Vehicle access Print

Design Outcome

Subdivision design incorporates vehicle access to sections. Future purchasers are made aware when sections are subject to vehicle access restrictions, such as steep slopes.

​​​​​​​​​​​​​Planning for vehicle access, particularly on sloping sites or sites adjoining busy roads, can be a major limitation on house design and must be considered early in the subdivision design. 

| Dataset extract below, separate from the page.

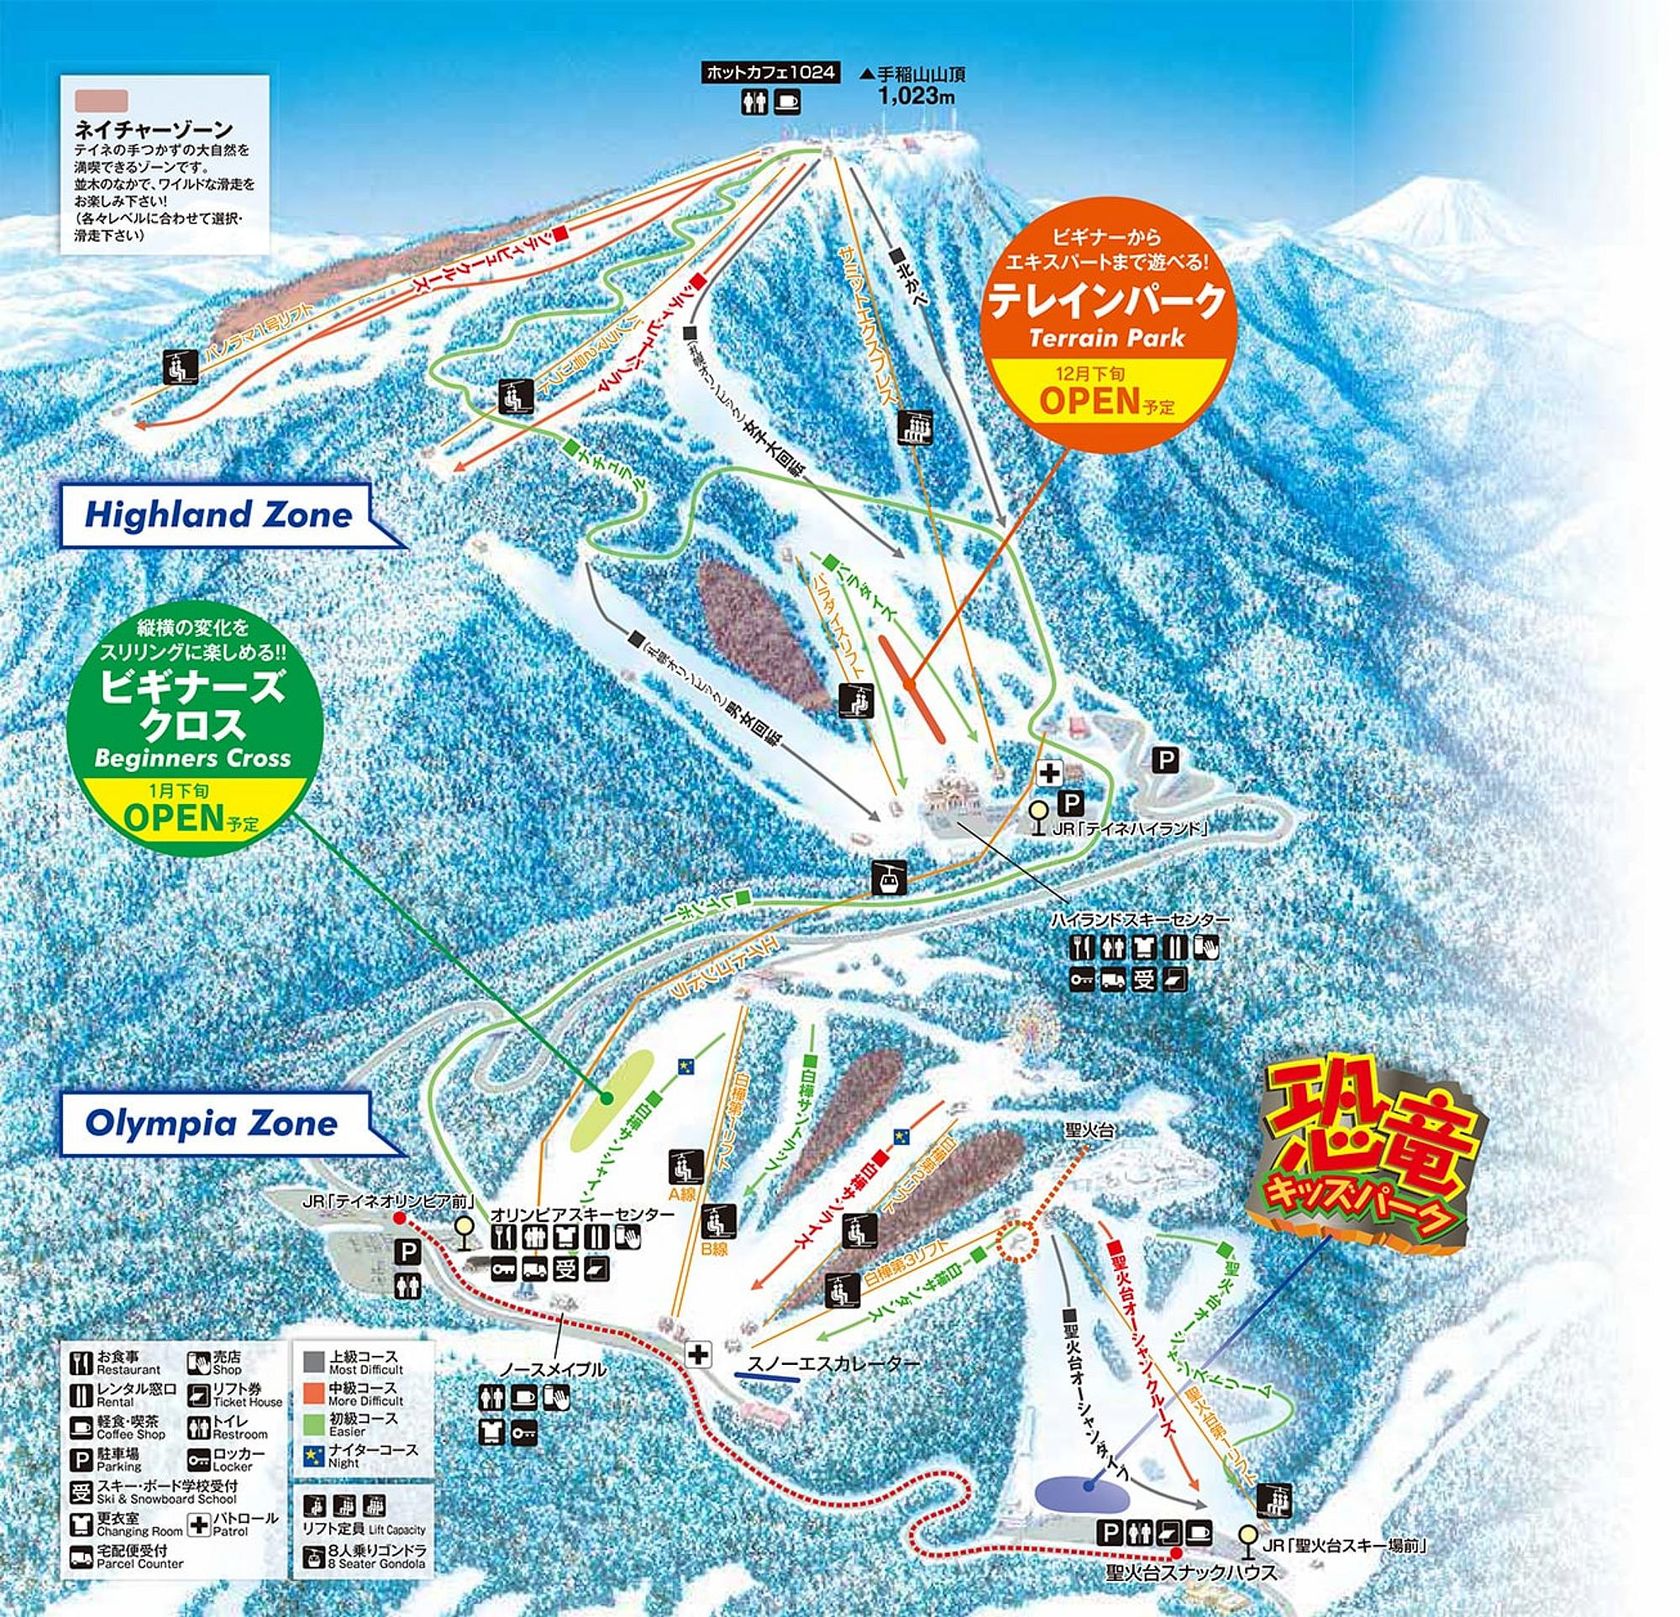 21 サッポロテイネ 格安スキーツアー スノーボードツアー 大阪発 格安旅行のジェイトリップ

Circumstances where vehicle access is dictated include: 

  • sloping lots, due to the need for workable gradients from the street onto a parking pad, including transitions 
  • lots along busy roads, due to the need for on-site manoeuvring 
  • corner lots, due to the need to locate vehicle crossings as far away from the intersection as possible
  • lots along roads that have formed parking bays along them, due to the need to avoid vehicle crossings from cutting through the parking spaces.​​​

Better Design Practice

Lots should be designed so that vehicle access does not result in:
    • footpaths undermined by the presence of too many vehicle crossings
    • wide, sweeping vehicle crossings that allow cars to cross the footpath at very high speeds
    • the need for inefficient flush medians and other road features that allow for vehicles to queue before turning off the road
    • building platforms that are surrounded by driveways and turning spaces, and the associated noise these bring.
  • Ensure vehicle crossings do not result in a loss of existing on-street parking bays. 
  • Ensure purchasers are told when lots have restrictions (whether regulatory or practical) on where vehicle access can be located. 
  • Street and block design should avoid a prevalence of garages dominating the public street environment, by incorporating rear lanes and parking courts where possible.

Rules of Thumb

1. Include details of street trees, on-street parking bays and locations where vehicle access into sites could be provided without conflicting with street trees or parking bays on the subdivision’s landscaping plan.

2. Consider imposing requirements on how close to street trees a vehicle crossing can be without being subject to specific design requirements.

This can remove future problems associated with root growth damaging driveways and demand for tree removal by residents.

3. Consider planning lots to have shared vehicle access to minimise disruption to the street’s amenity.